● DATA BELOW:
--- START ---

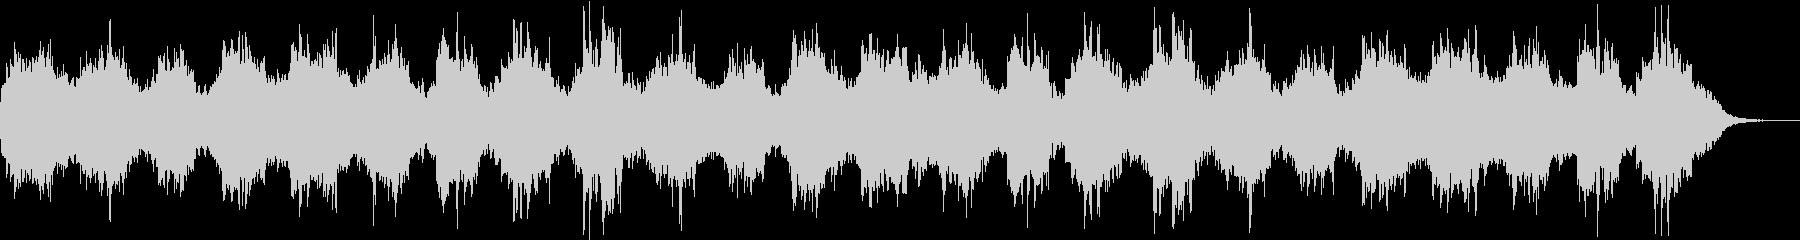 癒しの音楽の未再生の波形
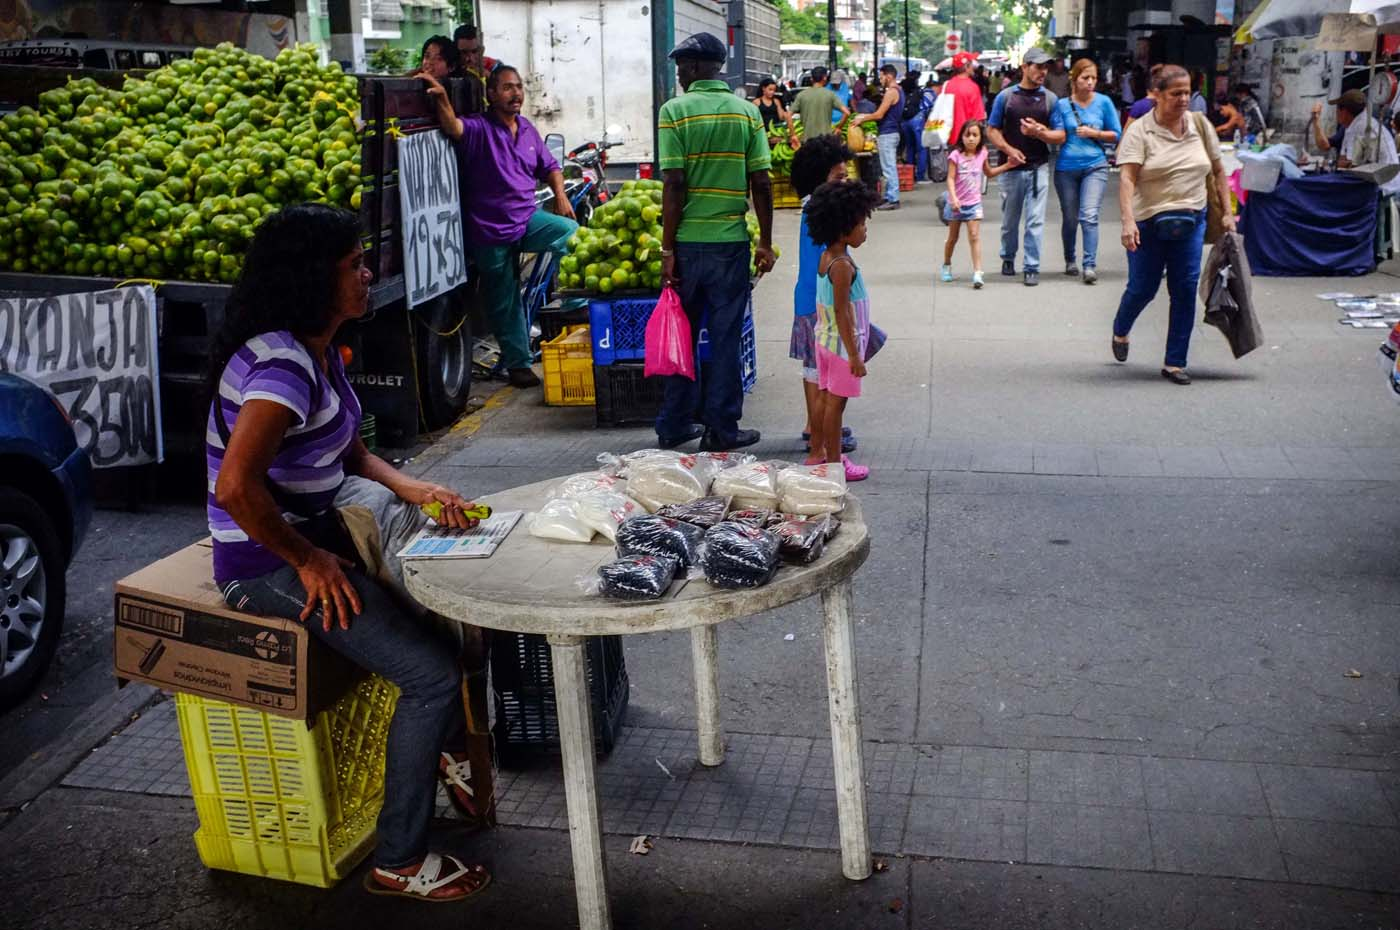 Desenfrenada: Canasta Alimentaria superó los 50 millones en marzo
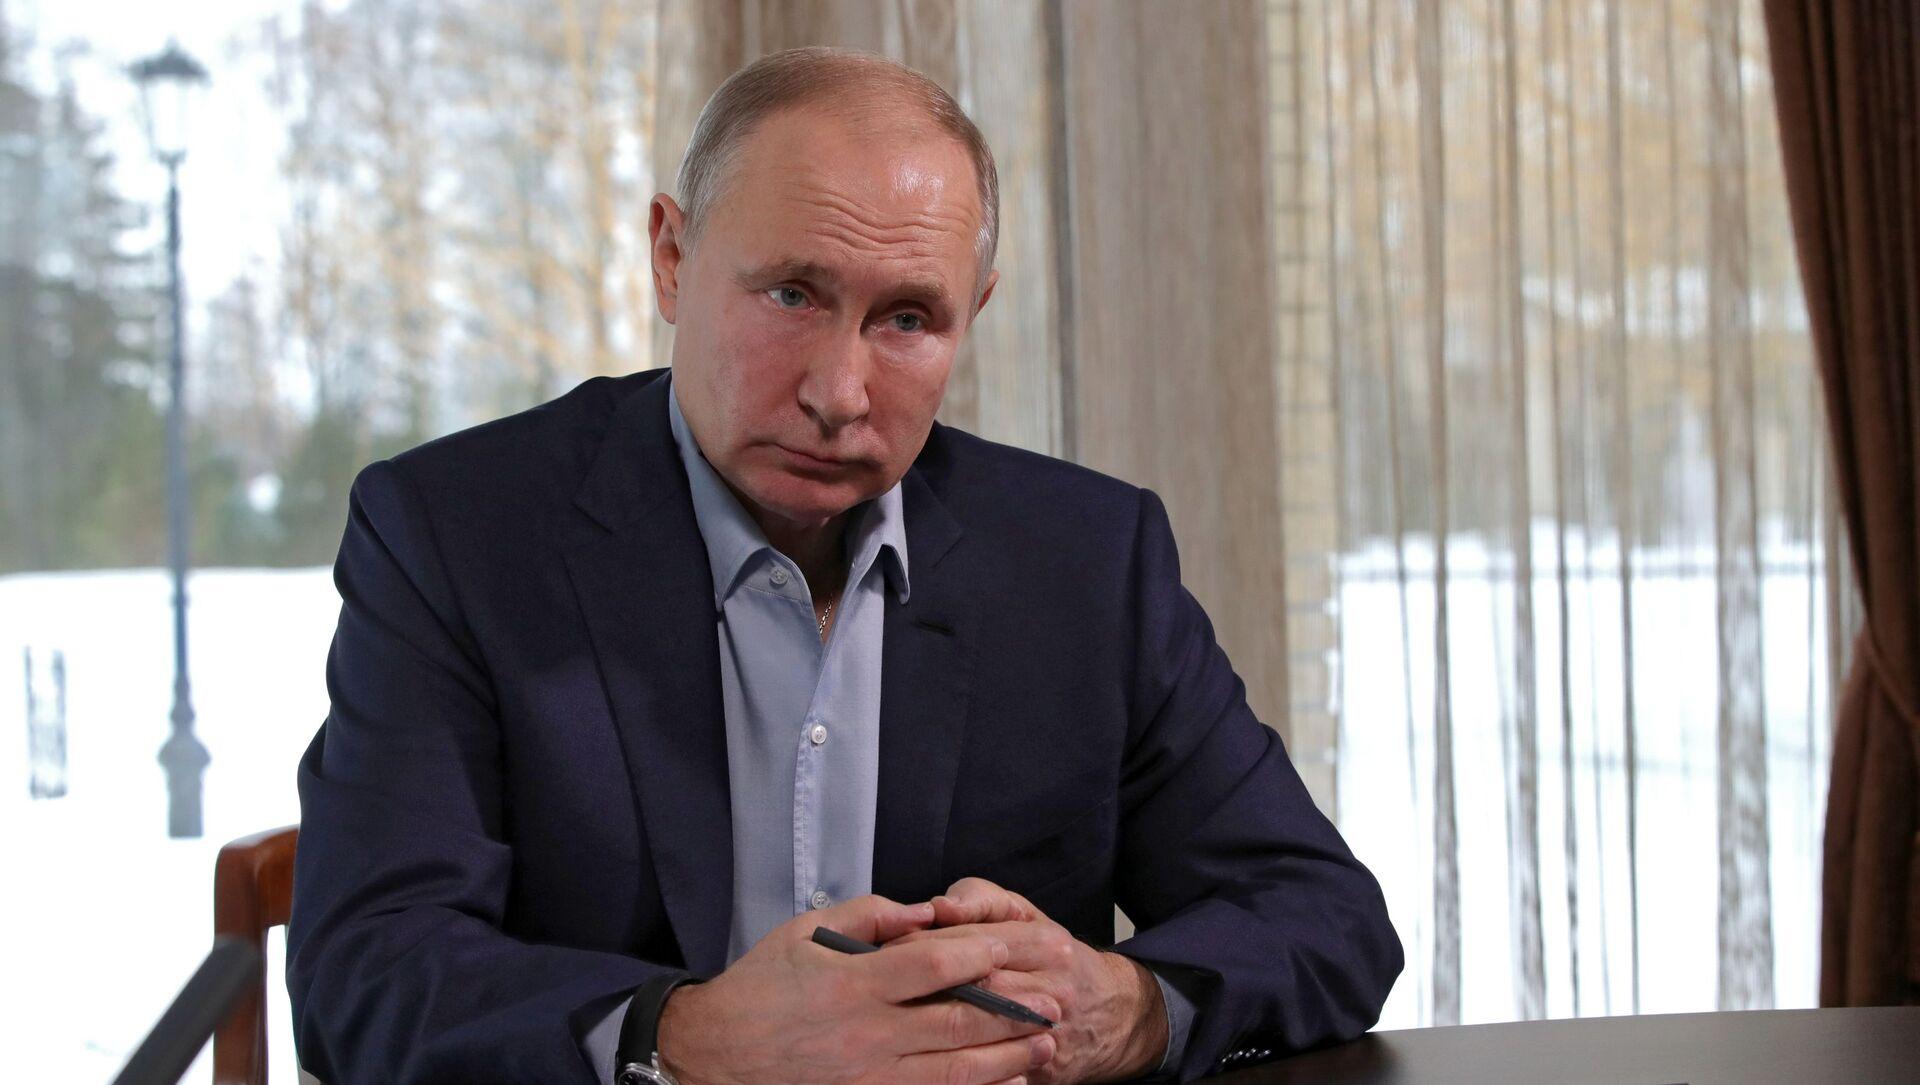 Ruský prezident Vladimir Putin debatuje se studenty v rámci režimu videokonference  - Sputnik Česká republika, 1920, 23.03.2021

--- END ---

● WORK TO BE COMPLETED: Without the pictures, copy the material exactly as given.

● ANSWER AREA:
 癒しの音楽の未再生の波形
 Desenfrenada: Canasta Alimentaria superó los 50 millones en marzo
 Ruský prezident Vladimir Putin debatuje se studenty v rámci režimu videokonference  - Sputnik Česká republika, 1920, 23.03.2021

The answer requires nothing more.